Intel® HPC Toolkit
Get help with building, analyzing, optimizing, and scaling high-performance computing (HPC) applications.
2144 Discussions

Crash with custom reduction operator in Intel MPI

jackson__adrian
Beginner
1,141 Views

We've encountered what we think is a bug with Intel MPI. We have some code that uses a custom reduction operator, but it crashes when run with certain process counts with MPI 2021.8.0 (384 processes) and with any core count for MPI 2021.10.0.

 

The code that crashes is:

 

    inline static void SPARKY_MPI_QUAD_SUM(void* pIn, void* pInOut, int* nCount, MPI_Datatype* mDatatype)

    {

        quad* qIn = static_cast<quad*>(pIn);

        quad* qInOut = static_cast<quad*>(pInOut);

        for (int i = 0; i < *nCount; ++i) *qInOut[i] = *qIn[i] + *qInOut[i]; // quiet NaNs assumed  

    }  

 

Which is called in an MPI_Reduce.  The specific line causing a fault is the for loop, although nCount is 1 for these calls.

 

It crashes with errors like this:

Caught signal 11 (Segmentation fault: Sent by the kernel at address (nil))

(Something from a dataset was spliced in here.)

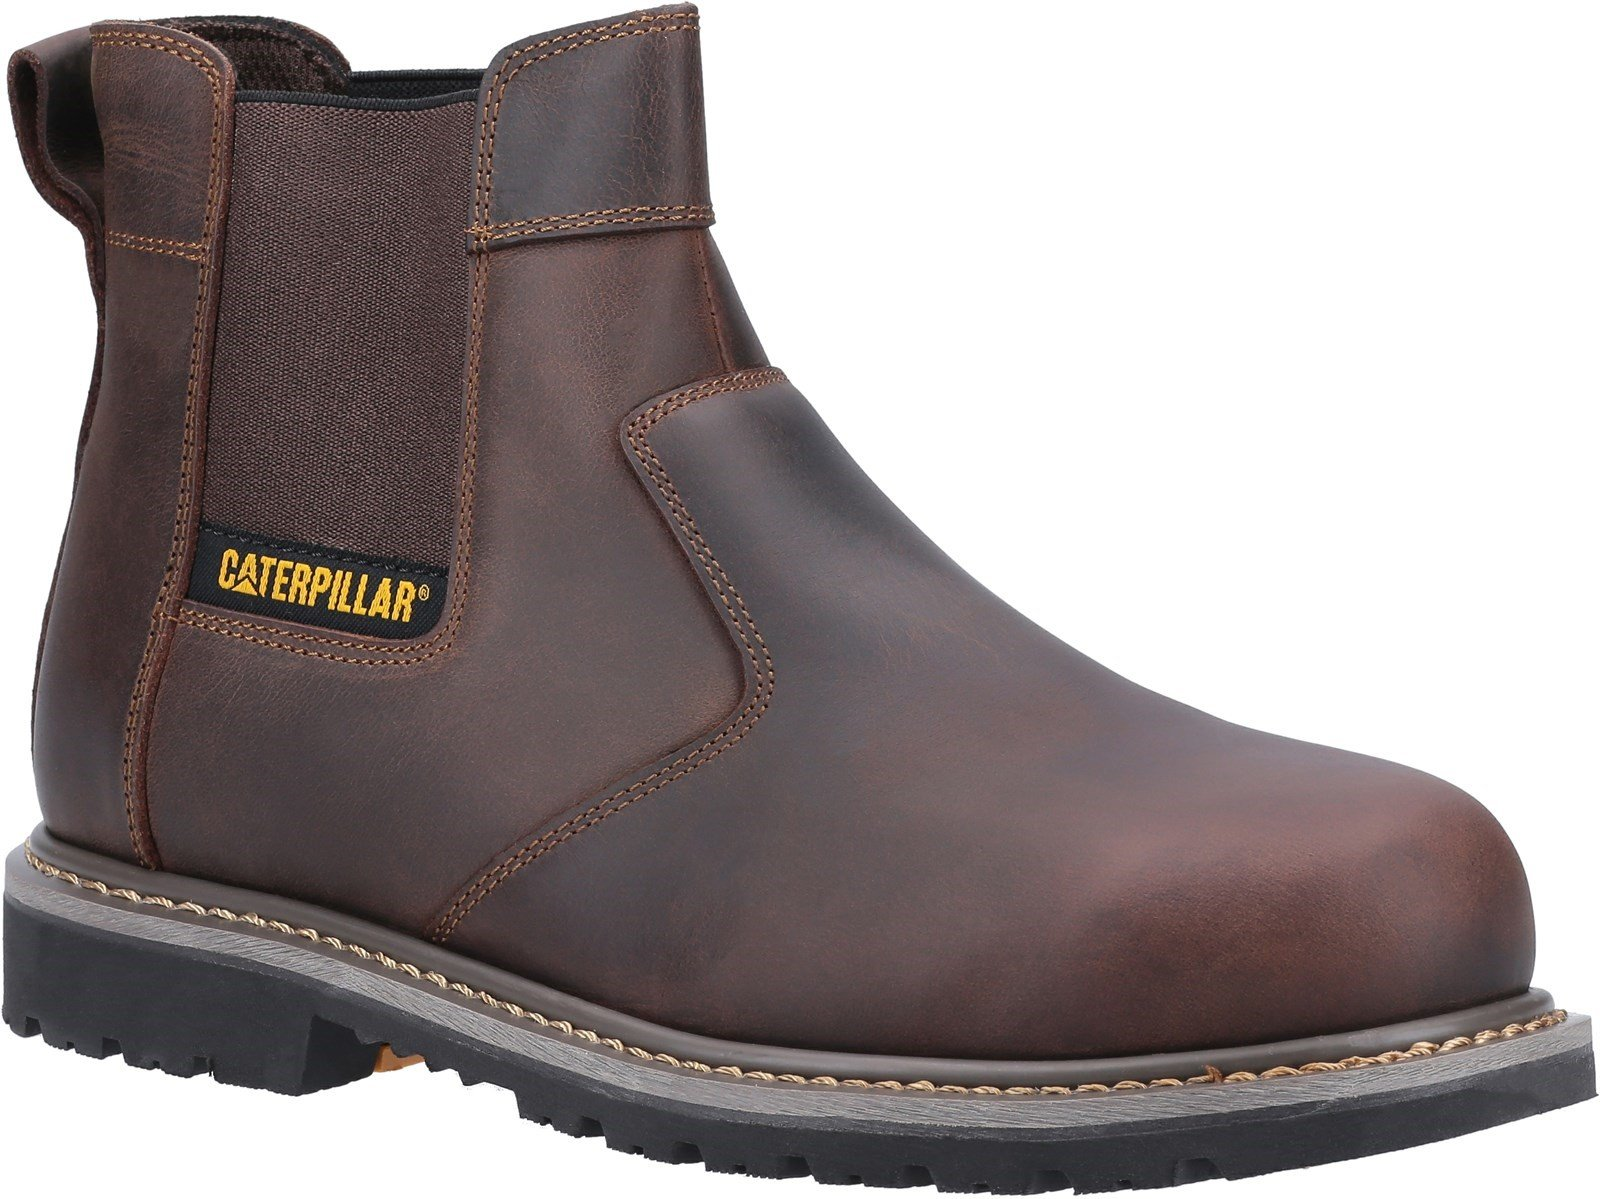 Caterpillar Unisex Powerplant Dealer Safety Boot Brown 31902 - Brown 6

==== backtrace (tid: 87374) ====
0 0x0000000000414370 SPATRIX_MPI<quad>::SPARKY_MPI_QUAD_SUM() ???:0
1 0x00000000006af6f9 MPIR_Reduce_local() /build/impi/_buildspace/release/../../src/mpi/coll/reduce_local/reduce_local.c:164
2 0x000000000010cf45 MPIR_Allreduce_intra_rec_multiplying() /build/impi/_buildspace/release/../../src/mpi/coll/intel/allreduce/allreduce_intra_rec_multiplying.c:375
3 0x000000000018ed5e MPIDI_OFI_Allreduce_intra_rec_multiplying() /build/impi/_buildspace/release/../../src/mpid/ch4/netmod/include/../ofi/intel/ofi_coll_impl_ext.h:16
4 0x000000000018ed5e MPIDI_NM_mpi_allreduce() /build/impi/_buildspace/release/../../src/mpid/ch4/netmod/include/../ofi/intel/ofi_coll.h:98
5 0x000000000018ed5e MPIDI_Allreduce_intra_composition_zeta() /build/impi/_buildspace/release/../../src/mpid/ch4/src/intel/ch4_coll_impl.h:1069
6 0x000000000018ed5e MPID_Allreduce_invoke() /build/impi/_buildspace/release/../../src/mpid/ch4/src/intel/ch4_coll_select_utils.c:1788
7 0x000000000018ed5e MPIDI_coll_invoke() /build/impi/_buildspace/release/../../src/mpid/ch4/src/intel/ch4_coll_select_utils.c:3269
8 0x000000000016960a MPIDI_coll_select() /build/impi/_buildspace/release/../../src/mpid/ch4/src/intel/ch4_coll_globals_default.c:143
9 0x0000000000271d27 MPID_Allreduce() /build/impi/_buildspace/release/../../src/mpid/ch4/src/intel/ch4_coll.h:77
10 0x0000000000114b90 PMPI_Allreduce() /build/impi/_buildspace/release/../../src/mpi/coll/allreduce/allreduce.c:373
11 0x00000000004197f4 SPATRIX_MPI<quad>::Fnorm() ???:0
12 0x00000000004113dc TestingRoutines<quad>() DrivrutinMPI.cpp:0
13 0x0000000000406e4a main() ???:0
14 0x0000000000022555 __libc_start_main() /usr/src/debug/glibc-2.17-c758a686/csu/../csu/libc-start.c:266
15 0x0000000000408cf5 _start() ???:0

 

But works with the OpenMPI and MVAPICH libraries, which suggests it could be Intel MPI related.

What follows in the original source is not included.